_DATA SECTION_
--

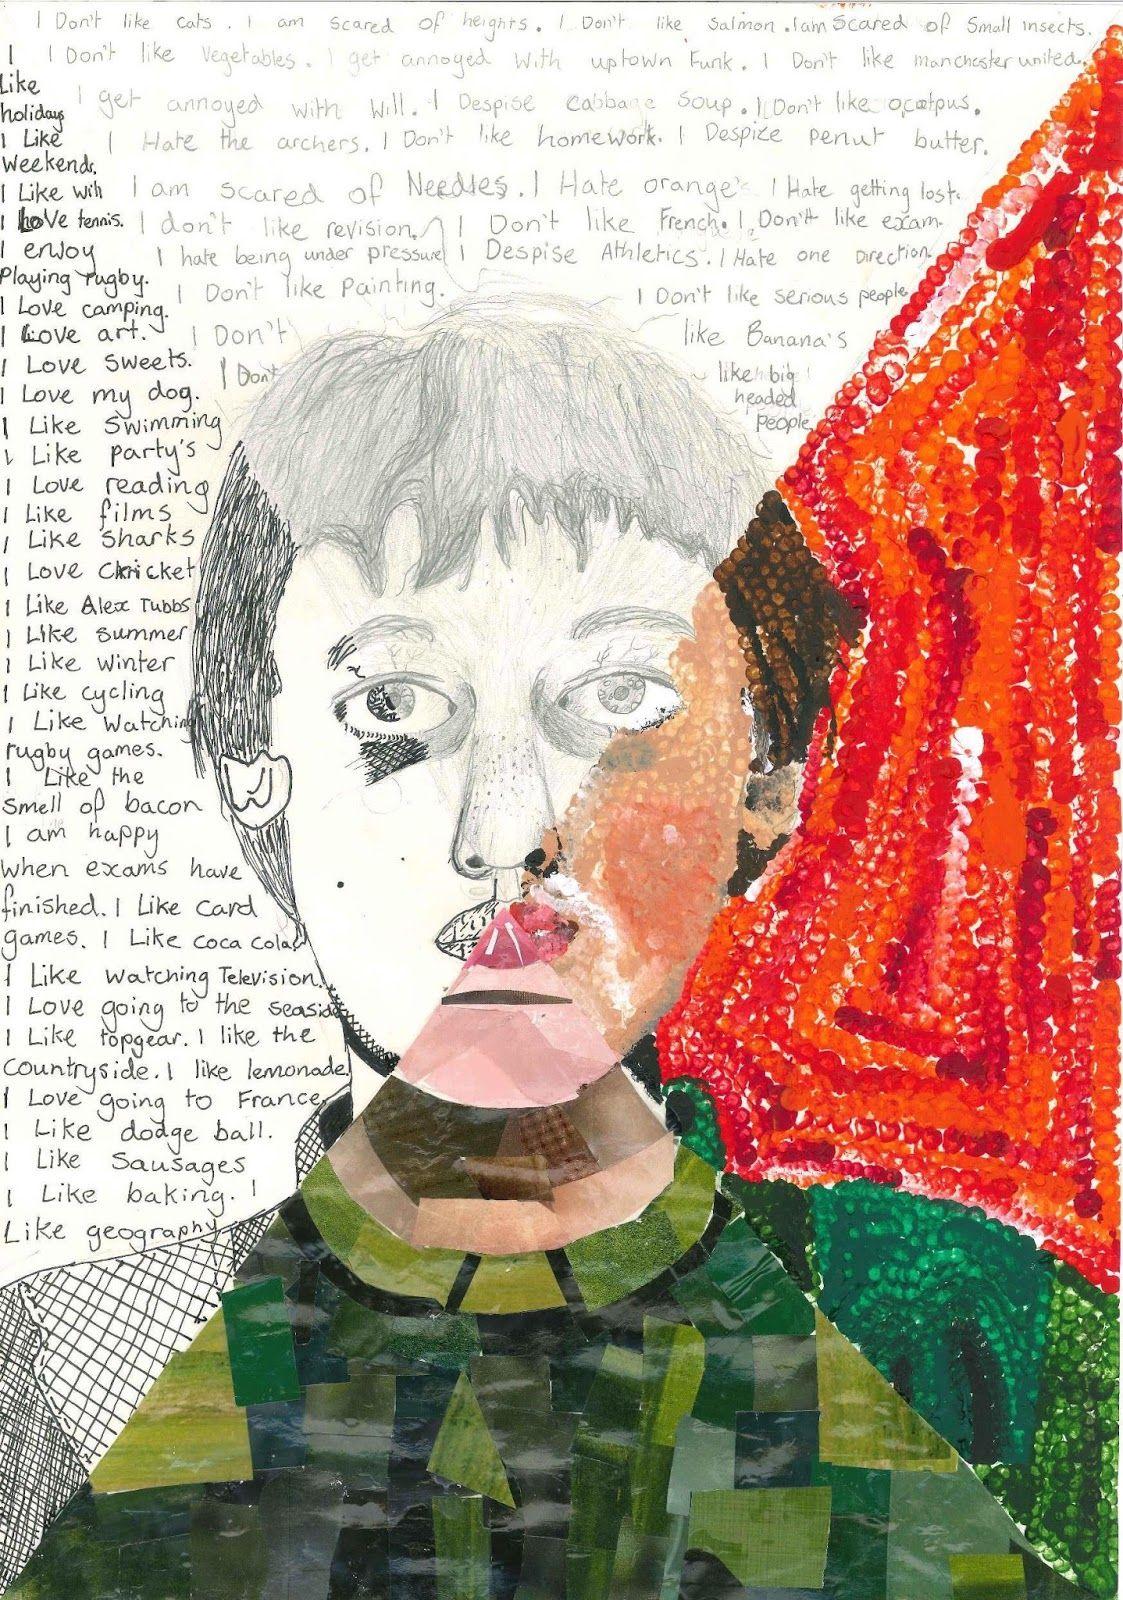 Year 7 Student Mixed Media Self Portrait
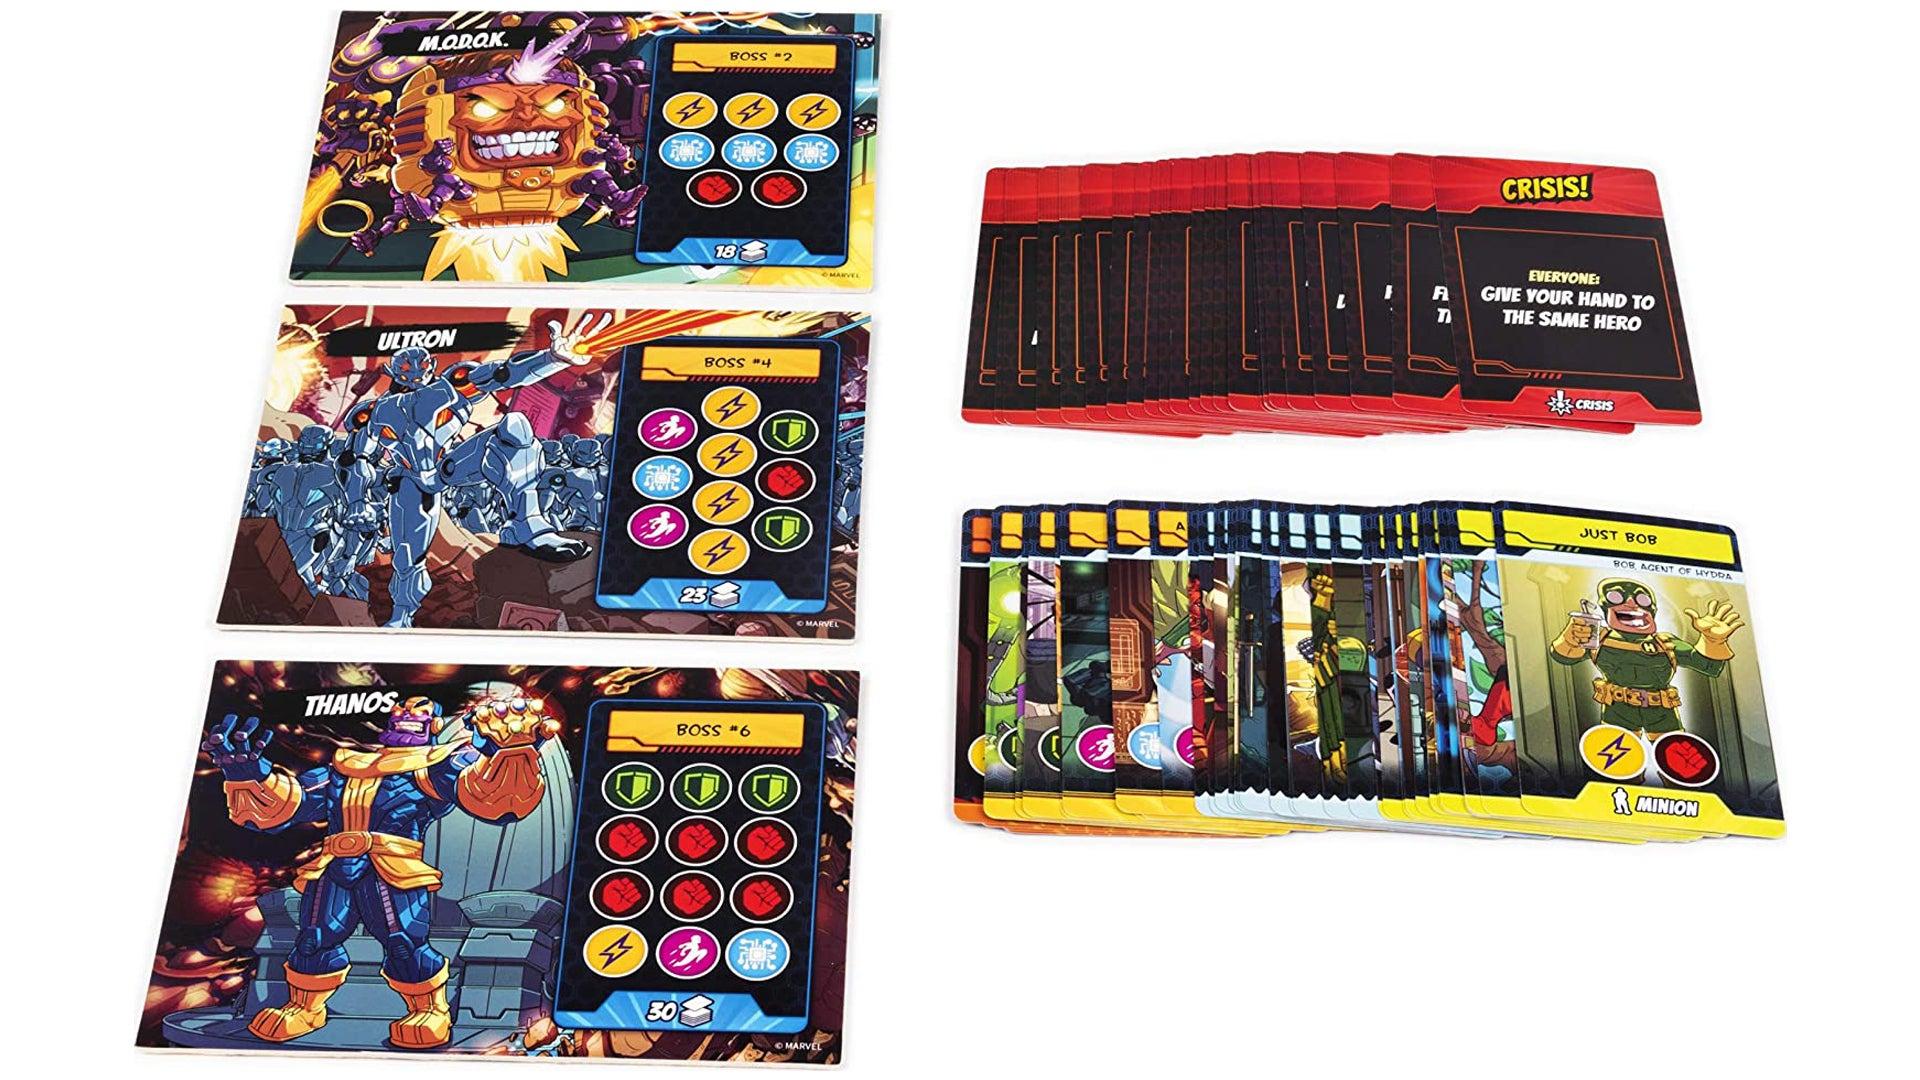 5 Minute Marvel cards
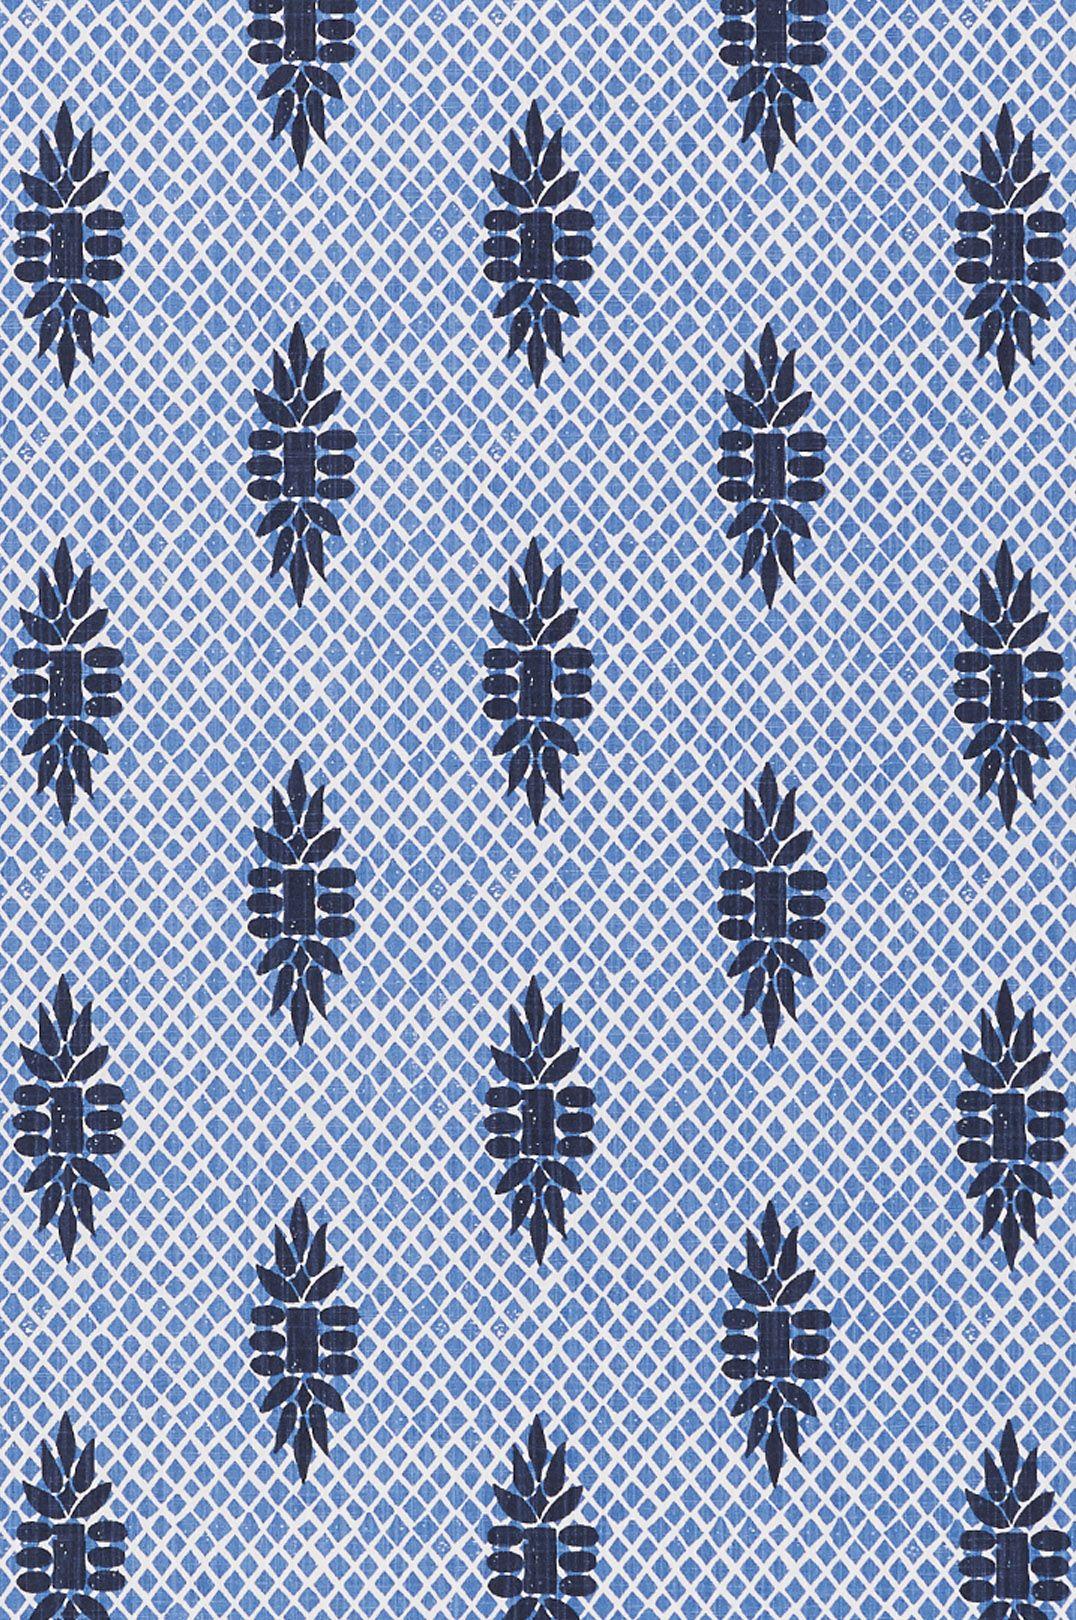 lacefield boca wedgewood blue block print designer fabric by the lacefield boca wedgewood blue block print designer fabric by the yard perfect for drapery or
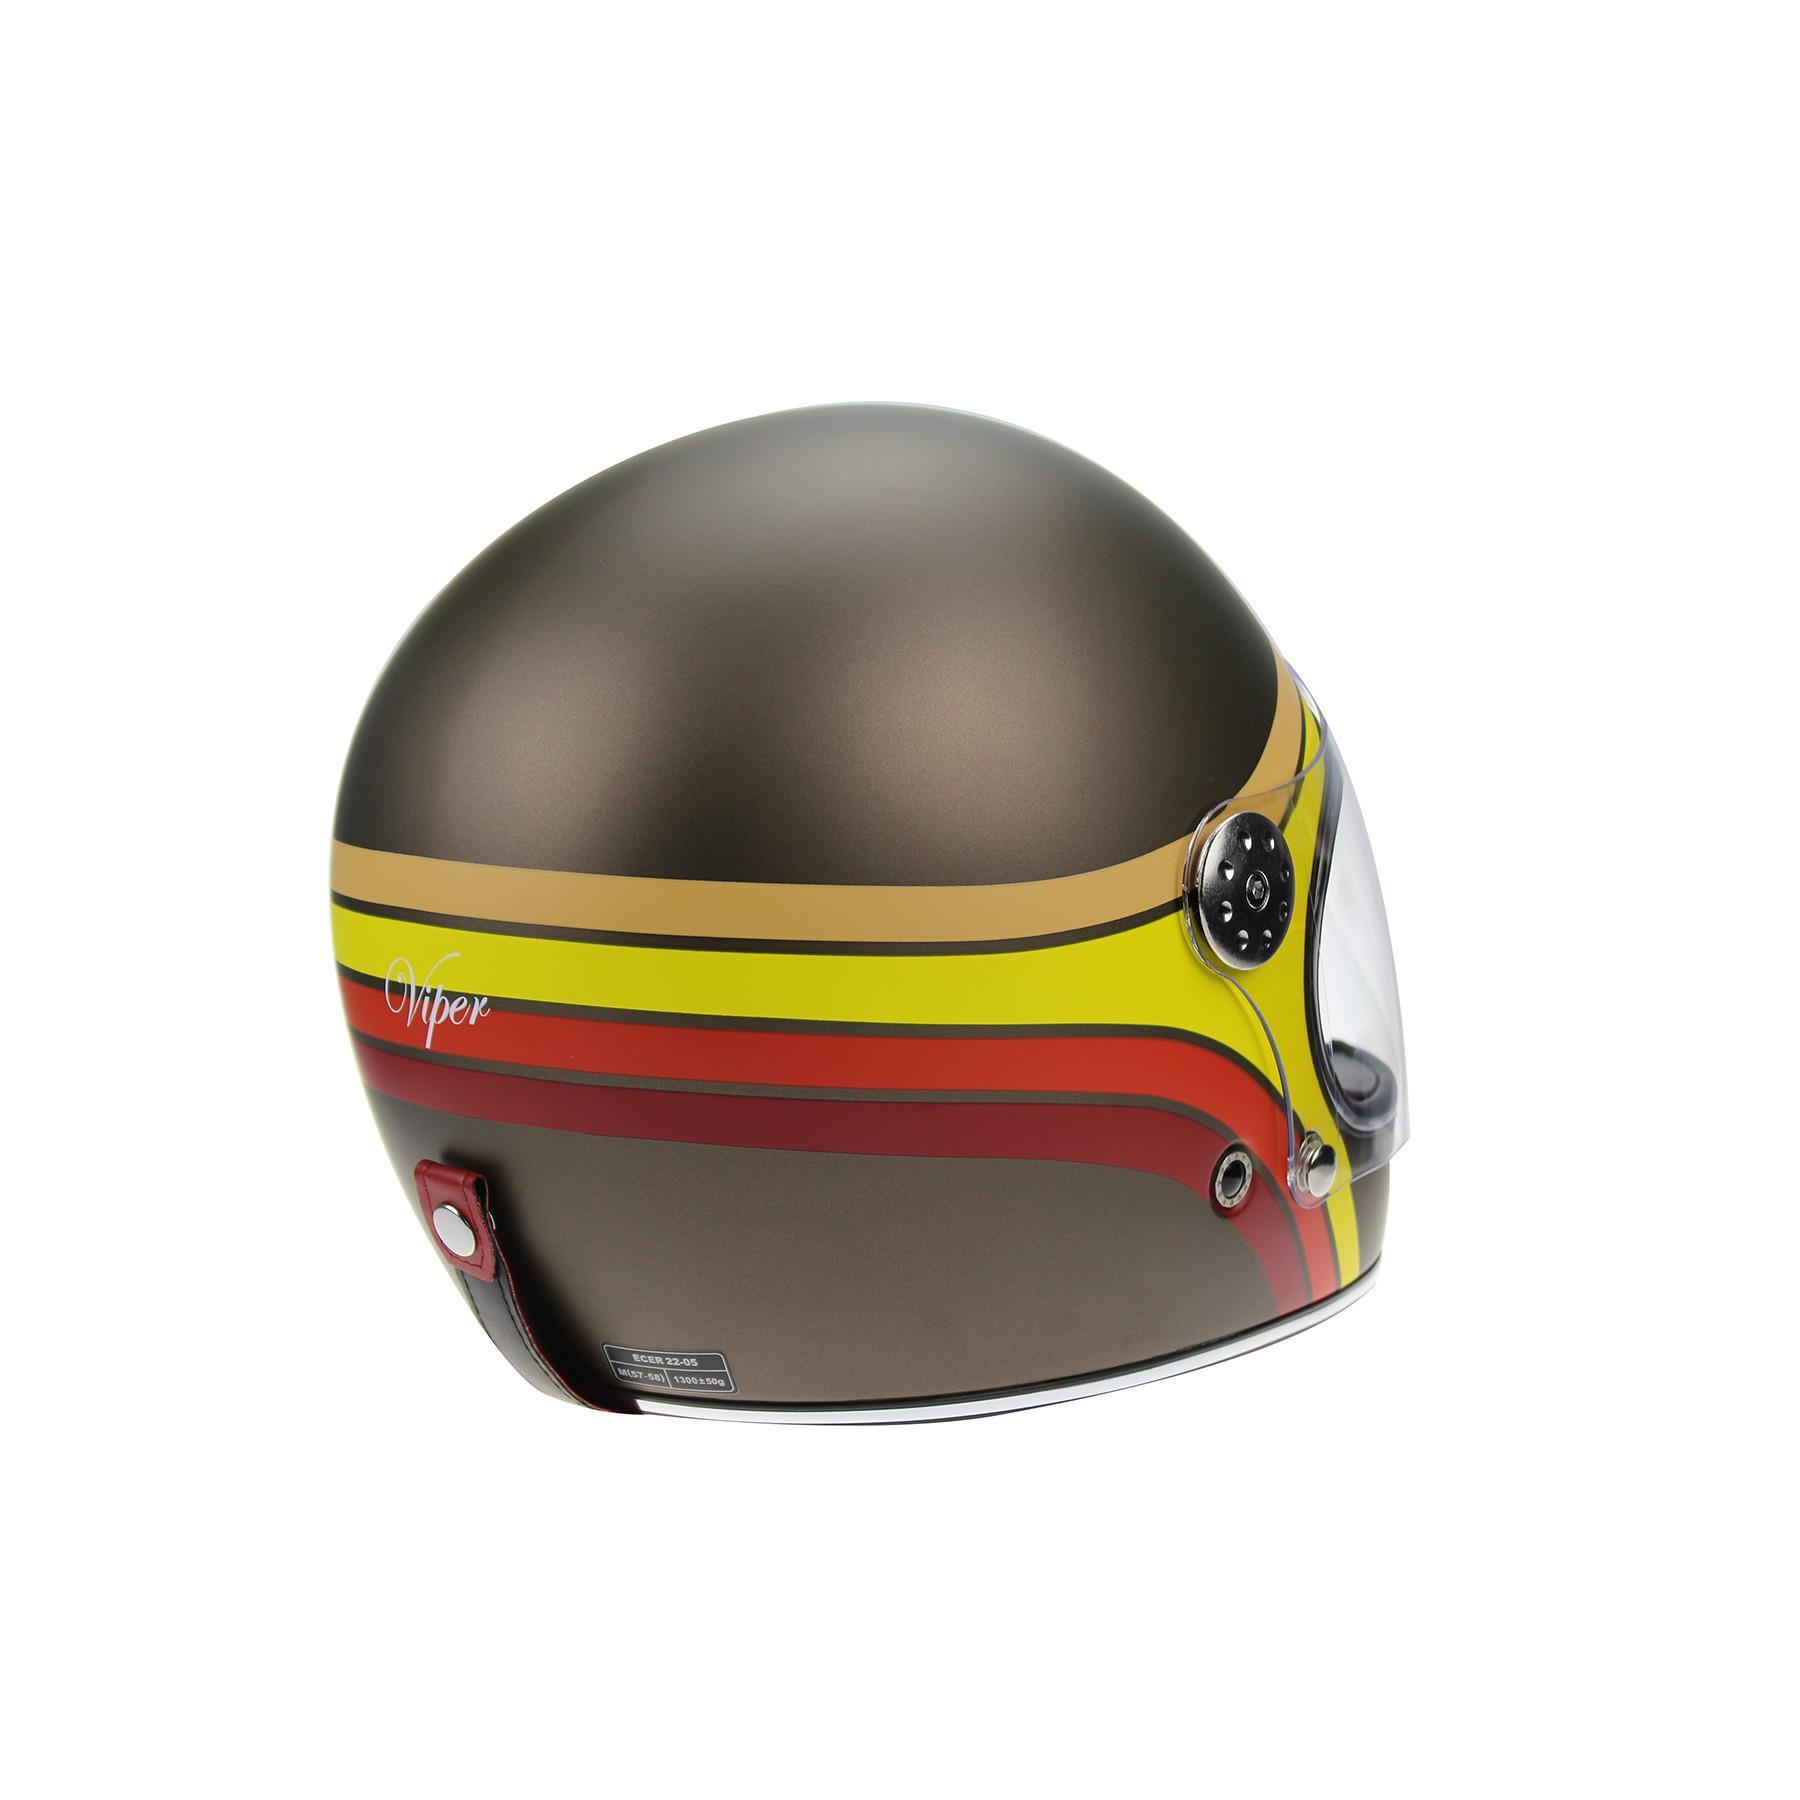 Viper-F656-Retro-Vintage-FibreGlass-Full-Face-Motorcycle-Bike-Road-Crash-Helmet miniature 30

--

_WHAT IS REQUIRED_
An unchanged copy of the data, images excluded, is all that should be given.

_EXERCISE RESULT_
 Year 7 Student Mixed Media Self Portrait
 5 Minute Marvel cards
 lacefield boca wedgewood blue block print designer fabric by the lacefield boca wedgewood blue block print designer fabric by the yard perfect for drapery or
 Viper-F656-Retro-Vintage-FibreGlass-Full-Face-Motorcycle-Bike-Road-Crash-Helmet miniature 30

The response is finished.